Using developing T-cells as a model system, I intend to carry out a combination of genome-wide correlative analyses and functional studies to investigate the roles of newly identified putative insulator factors in transcriptional regulation and chromatin organisation. My research plan presents an opportunity to expand the repertoire of mammalian insulators beyond the current monopoly of CTCF, and gain new mechanistic insights into the roles of these regulatory elements in mammalian development. Drawing up the complete landscape of mammalian insulators has direct implications on our ability to understand and diagnose human disease, as recent comprehensive analyses of genome-wide association data revealed more than 50% of disease- and trait-associated genetic variants lie in intergenic regions bearing hallmarks of long-range gene regulatory elements such as enhancers and insulators.

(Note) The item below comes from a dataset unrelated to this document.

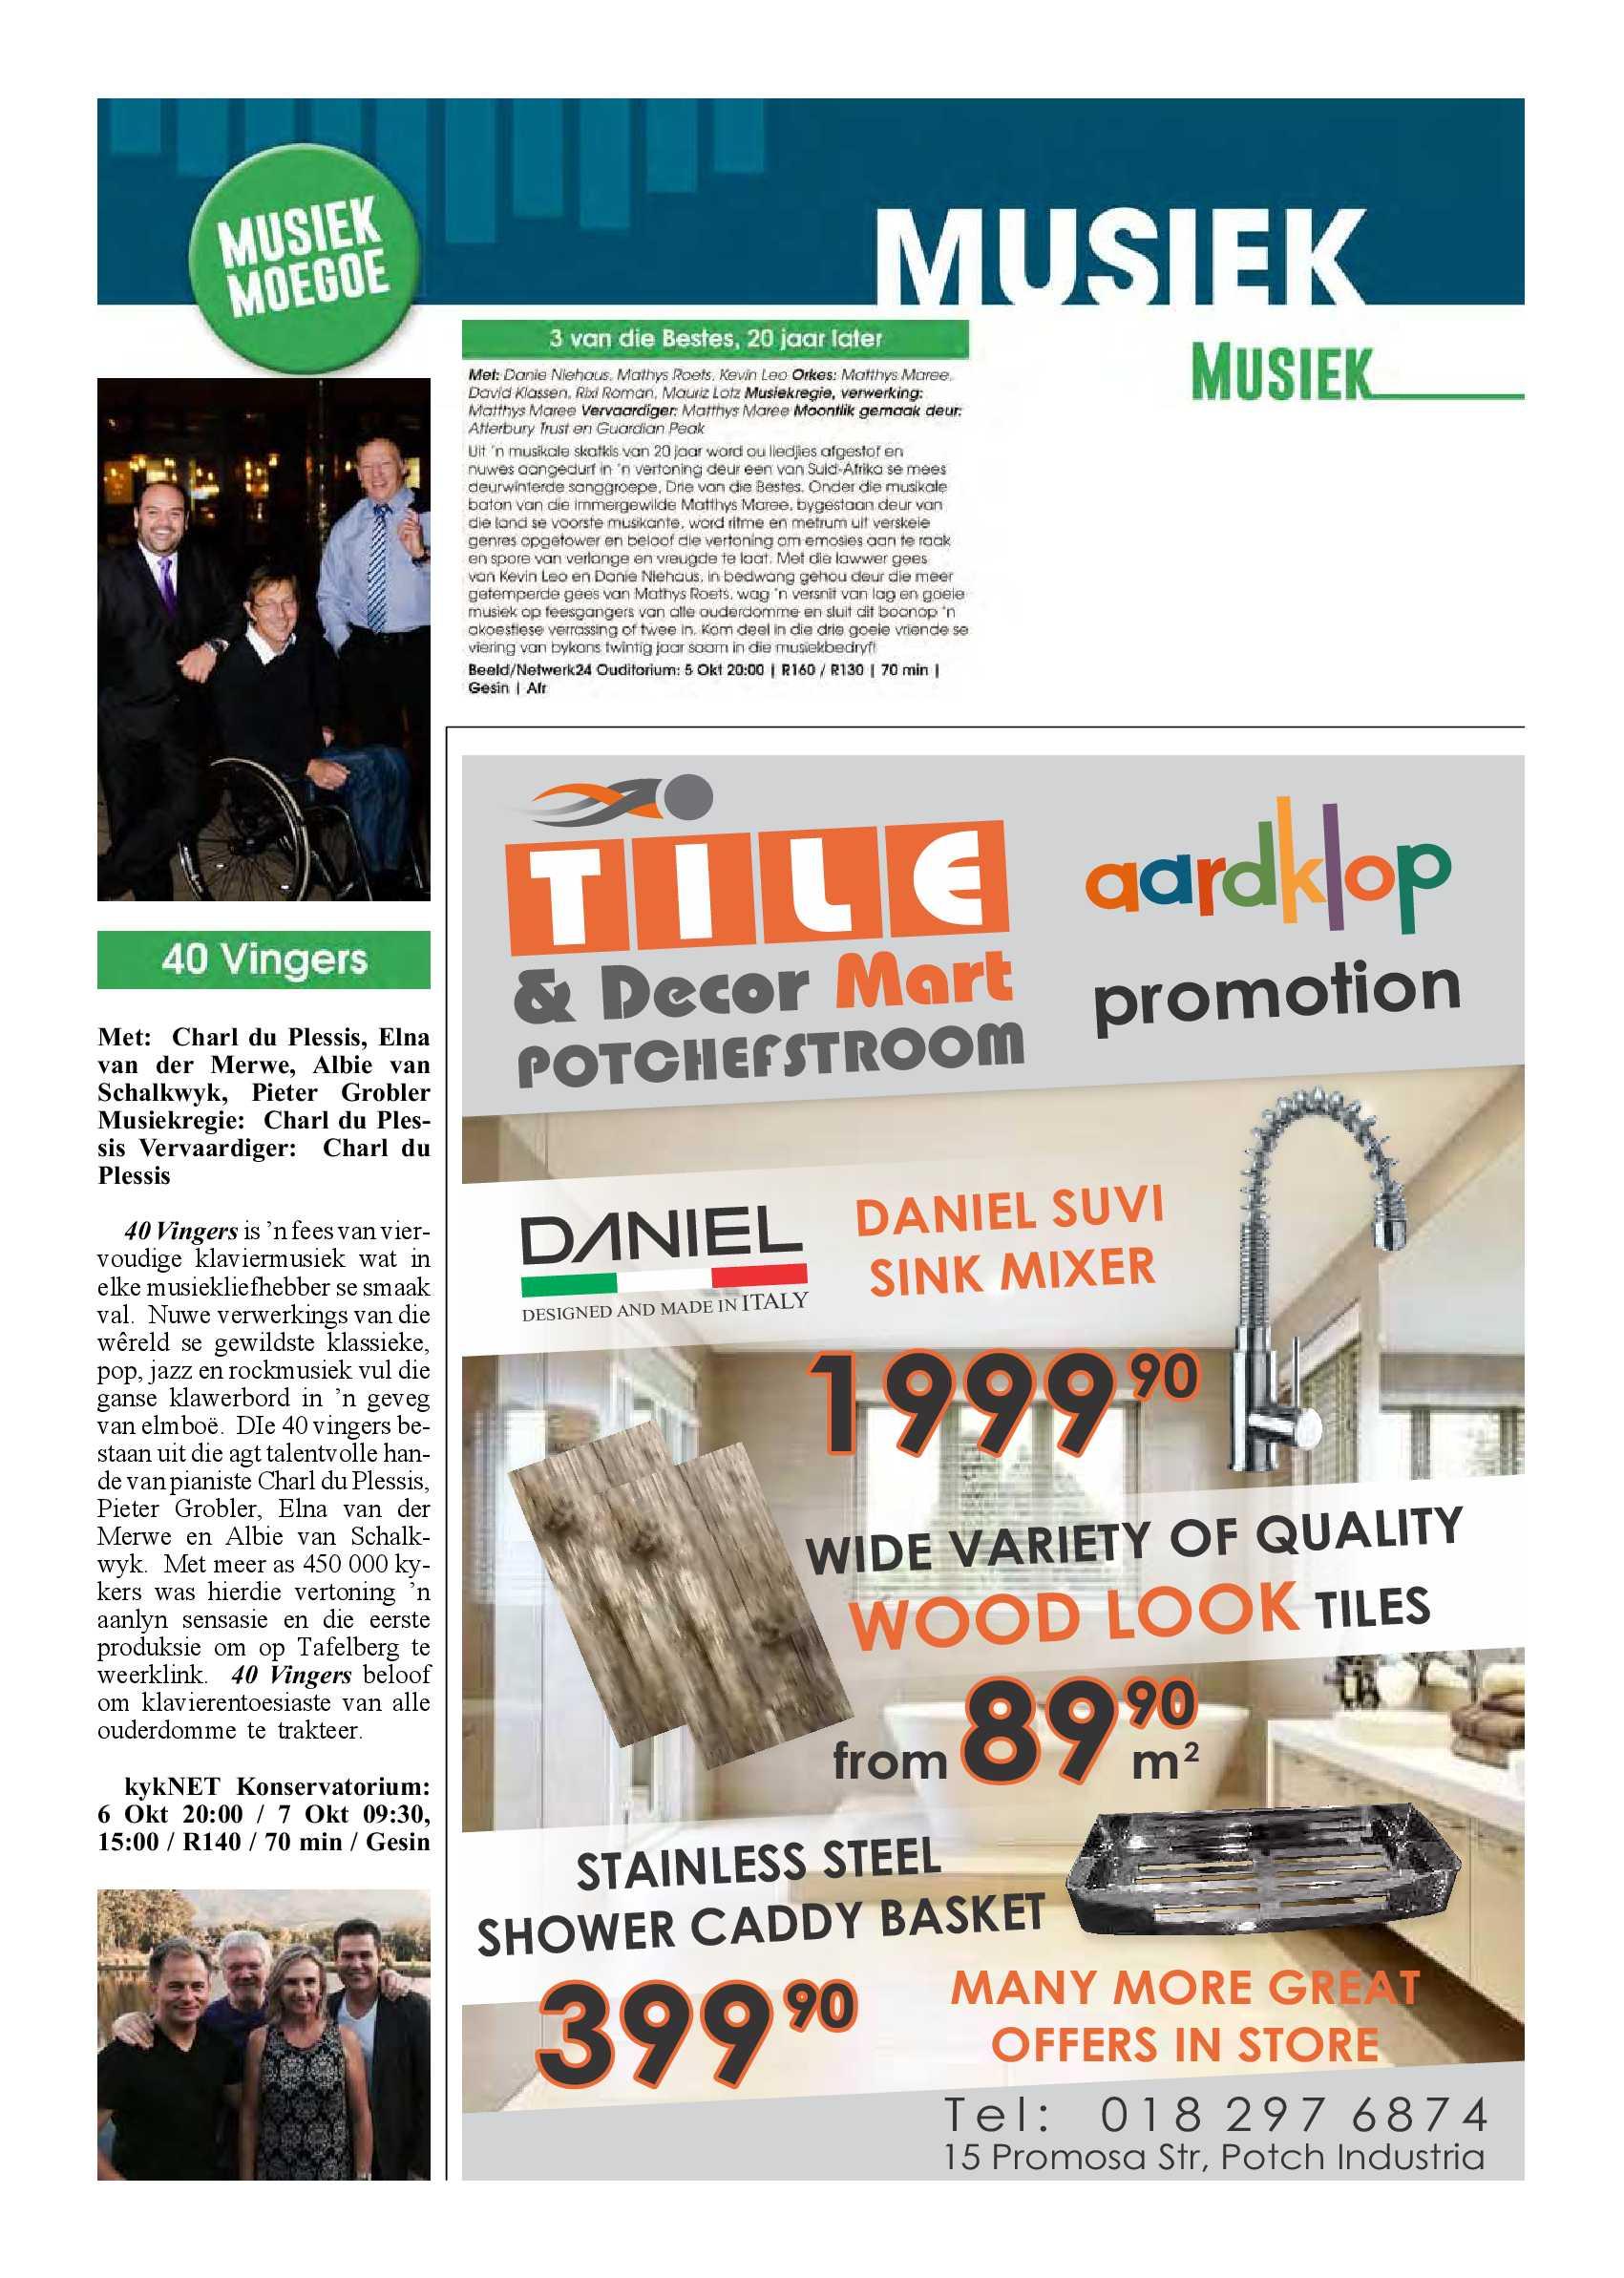 aardklop-2017-epapers-page-11

Beneficiaries of my work will include scientists and clinicians with interests in translational research on T-cell lymphoma and autoimmune diseases, as well as medical geneticists. In the long term this work could assist development of diagnosis techniques and treatments.

My experiments will investigate how transcriptional programs are established and regulated during thymocyte differentiation, and will therefore deliver an in-depth analysis of the pathways and mechanisms that drive T-cell development. When these pathways are altered thymocytes can become transformed giving rise to Precursor T-cell Lymphoblastic Lymphoma, which is the most common form of T-cell lymphoma. In addition, recent evidence suggest that autoimmune diseases such as type 1 diabetes and multiple sclerosis are caused by autoreactive T-cells that escape the negative selection process which takes place during thymocyte differentiation. A detailed molecular analysis of the normal thymocyte development and maturation process is essential for understanding the mechanisms that lead to transformation and autoimmunity, and for developing potential intervention strategies.

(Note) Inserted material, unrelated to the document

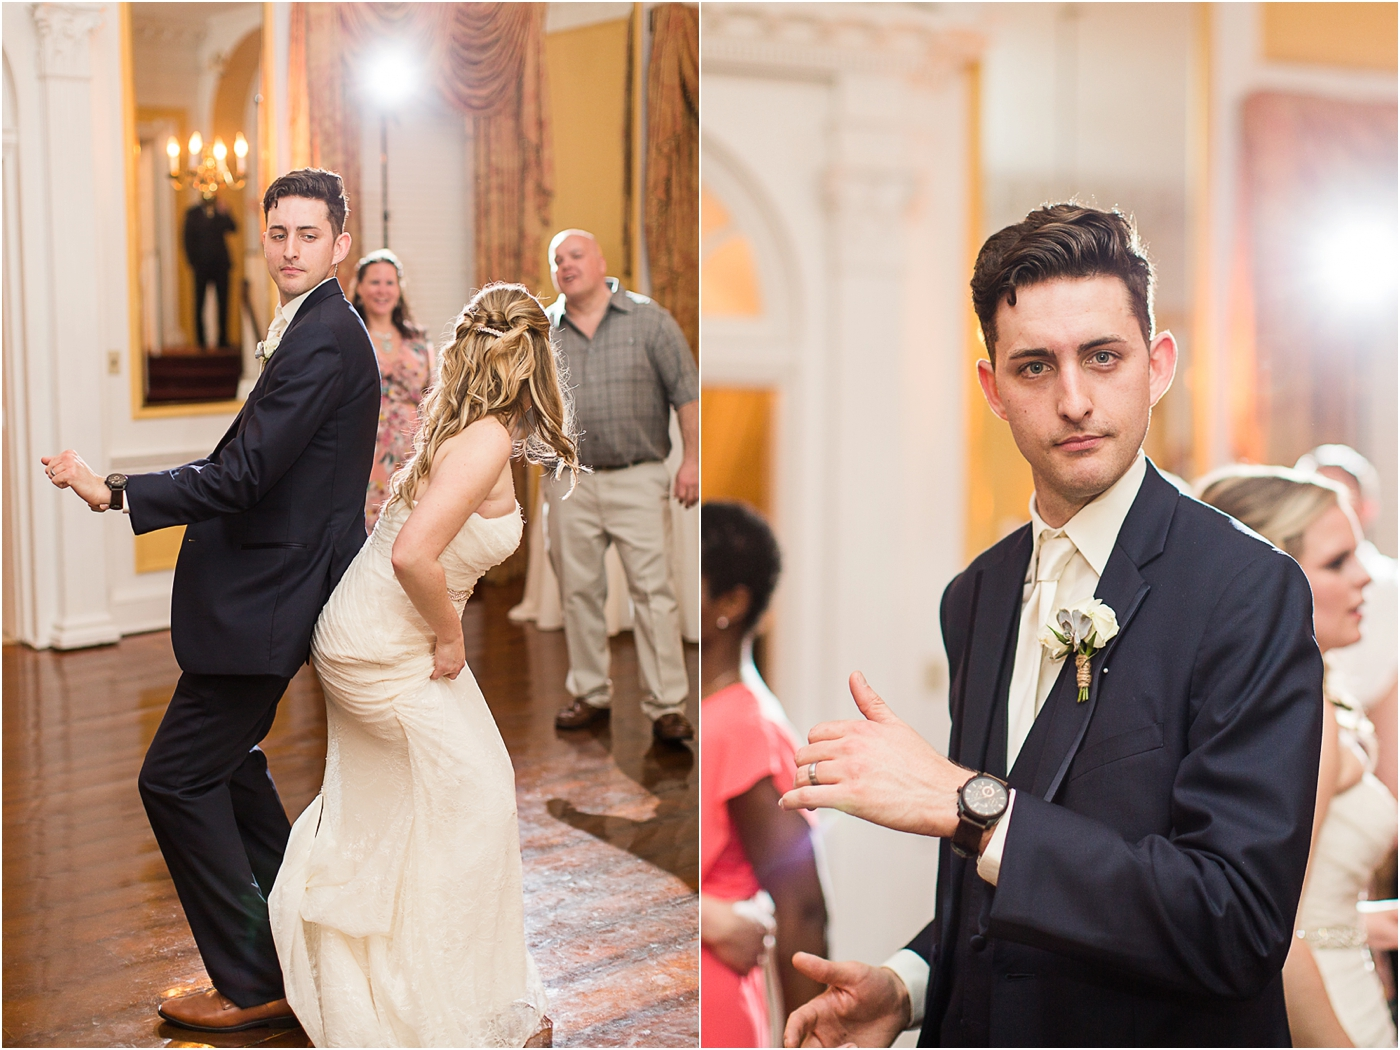 Greyrock-mansion-wedding-114.jpg

For medical geneticists, my work will help functionally evaluate disease-associated genetic variants, and thus will contribute to the development of diagnosis strategies and understanding the aetiology of human diseases. Genome-wide association studies (GWAS) are a powerful genetic approach to scan the entire genome for genetic variants most likely to be associated with a certain disease or phenotypical trait. This is a particularly promising approach to identify the genetic bases of common complex diseases, such as heart disease and diabetes, that may arise from the interaction of multiple genes. Hundreds of GWAS have been carried out investigating a diverse range of diseases, and an unexpected finding that emerged is that more than 50% of disease- and trait-associated genetic variants fall within non-coding, intergenic regions at considerable distance from gene bodies. Recent analyses have found these to significantly overlap with DNase I hypersensitive sites (DHS), a hallmark of long-range gene regulatory elements such as enhancers and insulators. Assigning functional significance to disease-associated genetic variants will therefore require comprehensive and accurate mapping of enhancers and insulators. My research plan to characterise new potential mammalian insulator factors will improve our ability to identify insulators in humans and will better define their genome-wide distribution.

Finally, PhD students and academic staff that will contribute to this work will receive a wide range of research training, including important technologies used in functional genomics such as ChIP-sequencing, RNA-sequencing and Hi-C, which will equip them with the necessary skills for a successful career progression.